In fact, it’s unlikely that Trump will be arrested at all, unless he declines to voluntarily surrender. Typically, defendants charged in nonviolent crimes are given that opportunity. If Trump is indicted, an agreement will likely be reached between prosecutors and Trump’s lawyers for him to turn himself in. Trump’s Secret Service detail will facilitate a safe booking process, with an agent accompanying the former President throughout.
Fox is also reporting that one more witness, who has not been identified, is expected to testify when the grand jury reconvenes at 2 p.m. Wednesday and that there is a “real chance” the DA will not seek an indictment. Wherever the truth lies about what’s going on in Manhattan, that timeline suggests there may not be an indictment tomorrow or even this week.

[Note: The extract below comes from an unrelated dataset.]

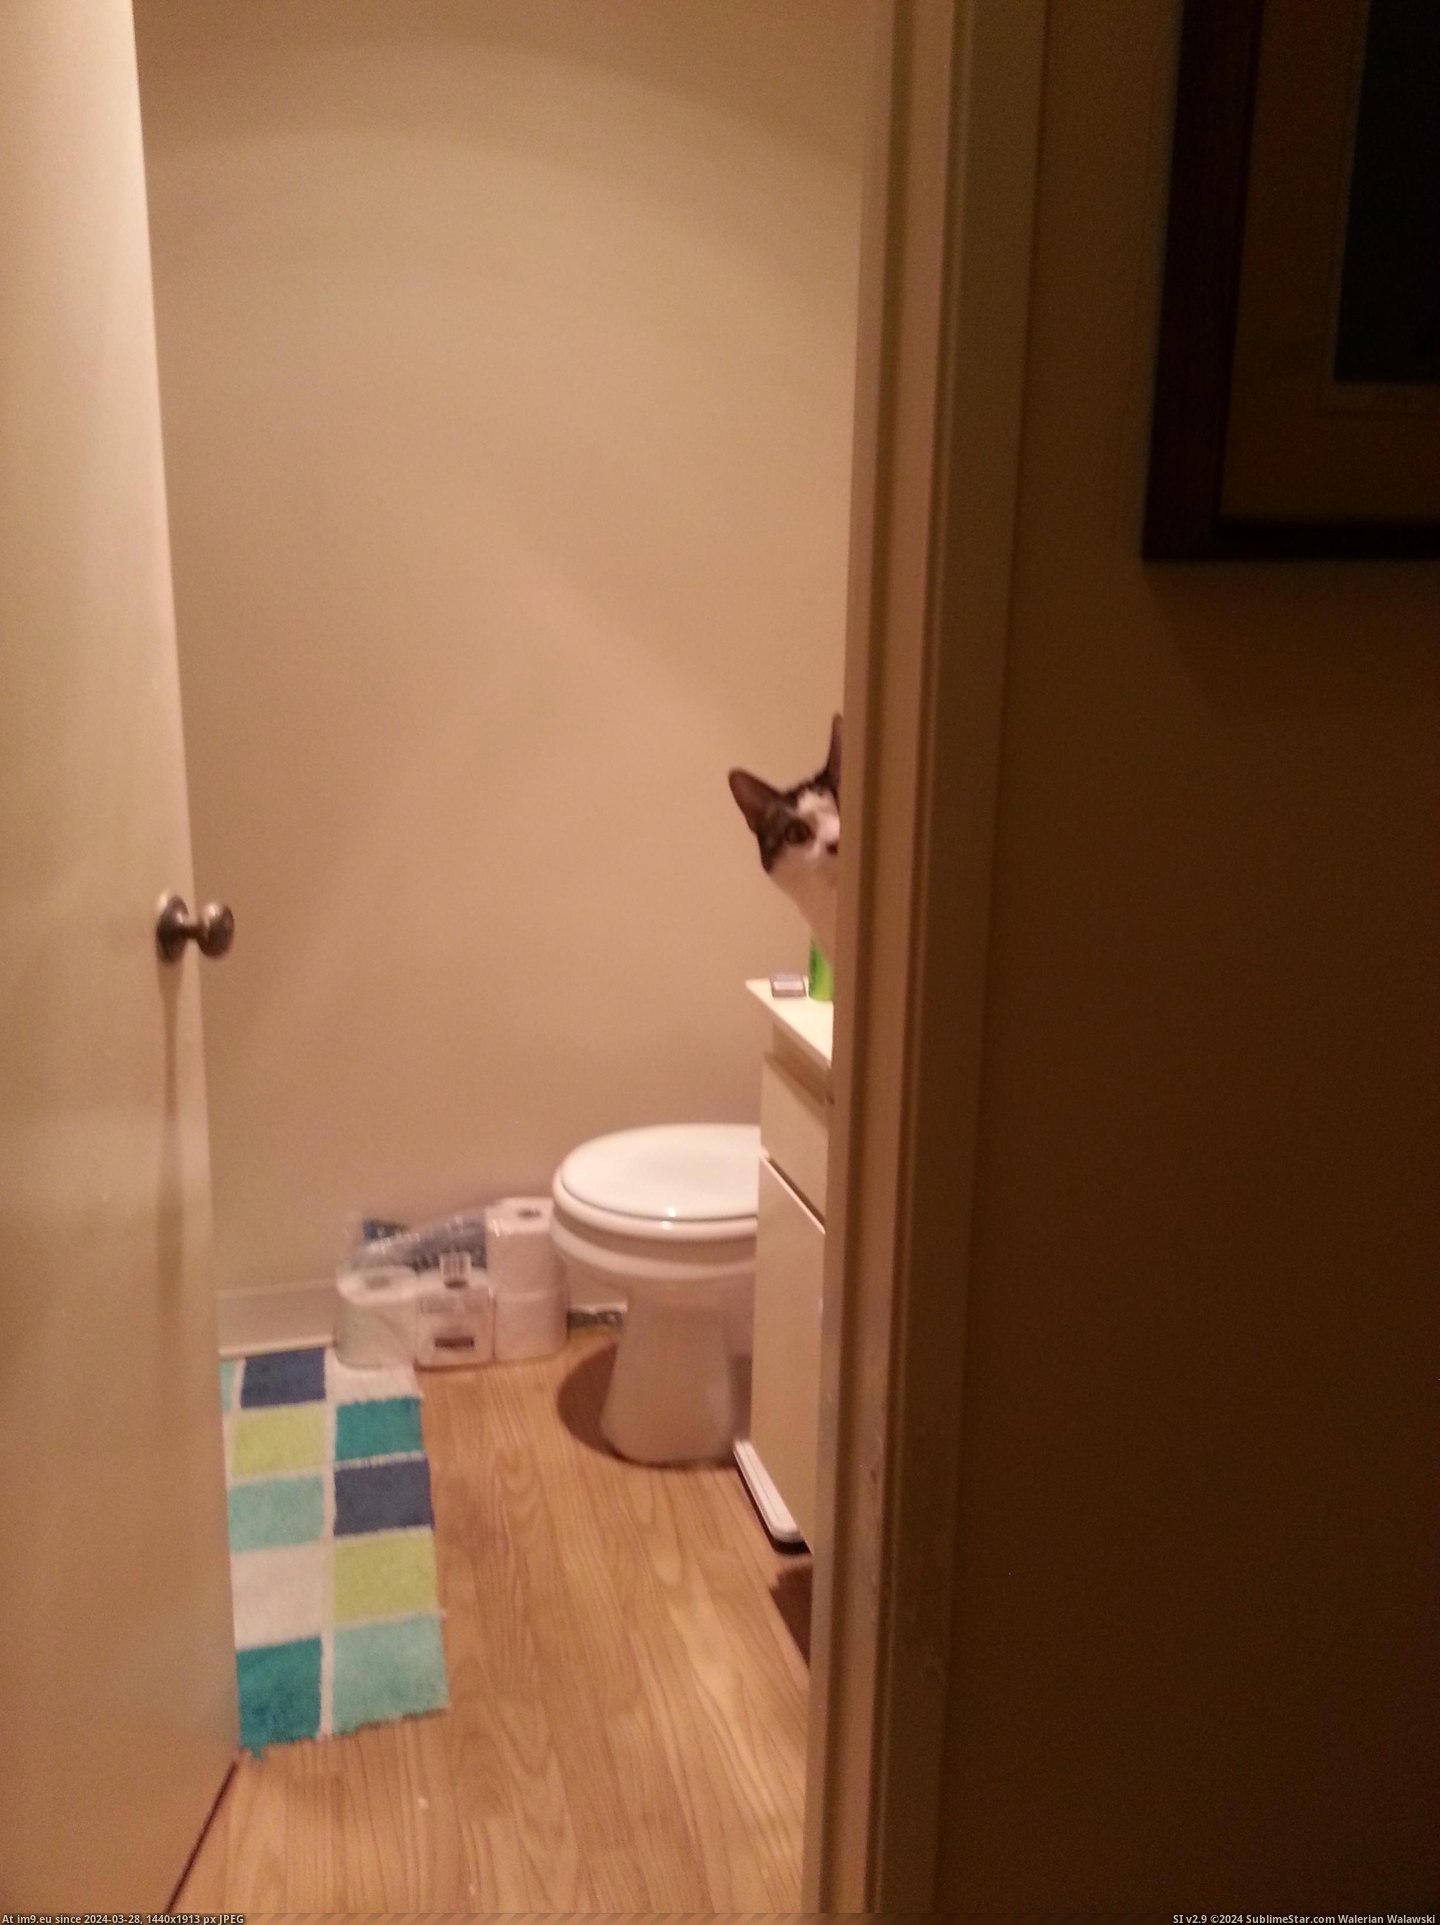 #Cats #For #Cat #Him #Run #Way #Water #Bathroom [Cats] This is my cat's way of asking me to run the water for him in the bathroom Pic. (Obraz z album My r/CATS favs))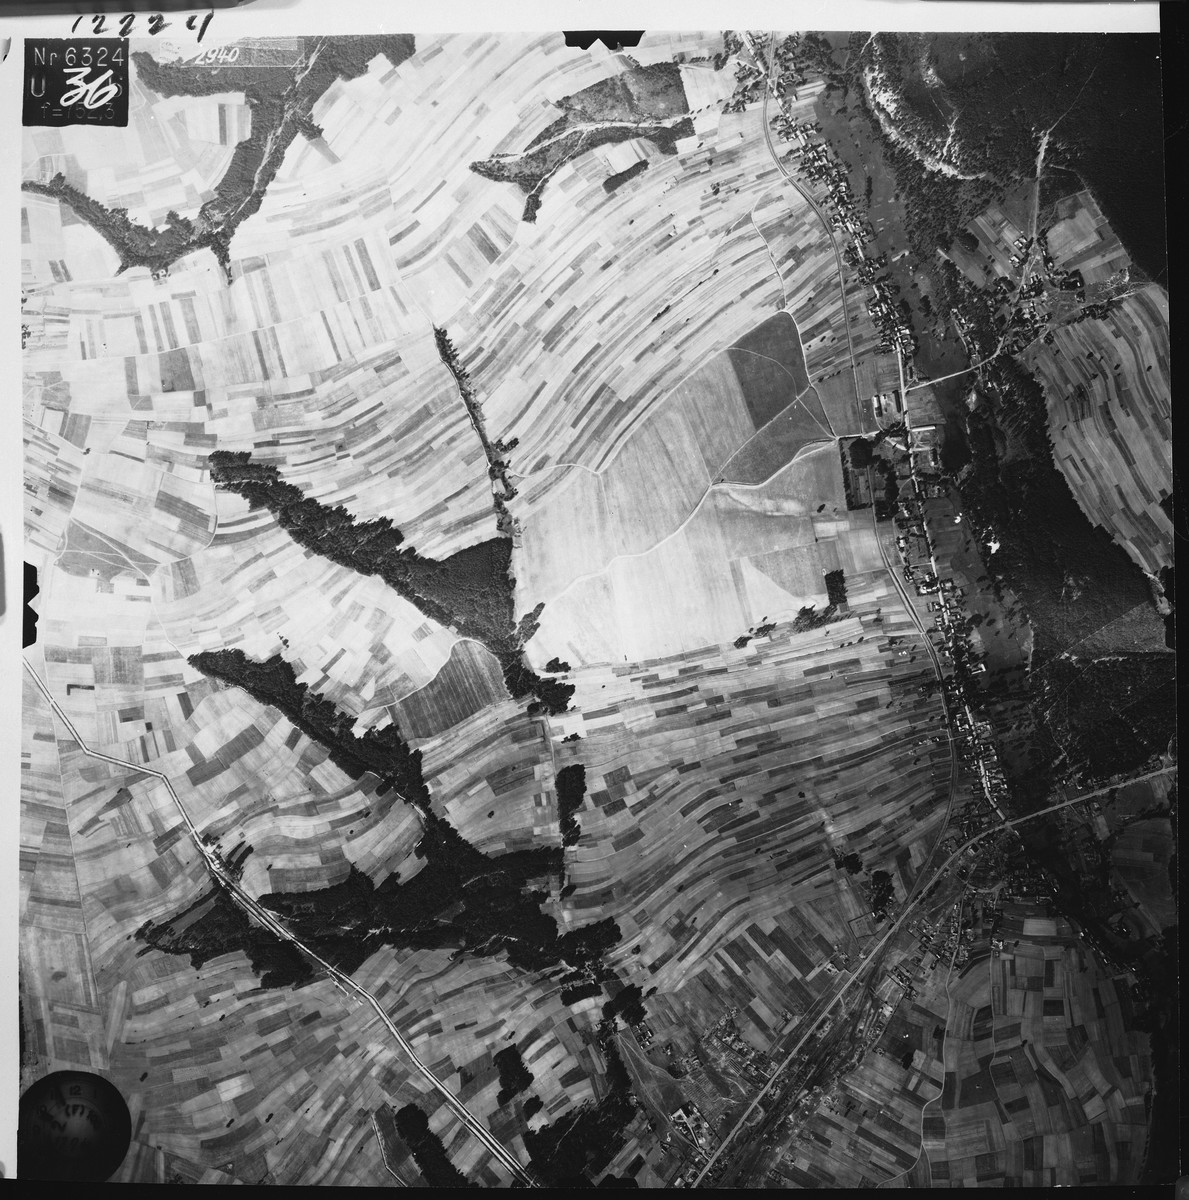 An aerial view of the Belzec area taken by the Luftwaffe during the war.

On Monday, Bob Costello, a lawyer who key witness Michael Cohen once sought advice from about his potential criminal exposure in the Stormy Daniels matter, testified in front of the grand jury. Costello, who held a little street-side press conference after his testimony, called Cohen a liar and said that Cohen told him he’d cooked up the scheme to pay off Stormy Daniels on his own, and had taken out the loan for the $130,000 to pay her without any sort of deal with Trump. Costello didn’t offer any explanation as to why Trump, who is known for non-payment of his own legitimate expenses, would have reimbursed Cohen for something he’d come up with on his own. Trump repaid not only the $130,000 but also significant additional increments to cover the tax burden on Cohen because the payment was characterized as being for legal services, not repayment of a loan Cohen took out on Trump’s behalf. It’s all there, with Trump’s Sharpie-signed signature on some of the checks, for the Manhattan DA to offer into evidence if he brings charges.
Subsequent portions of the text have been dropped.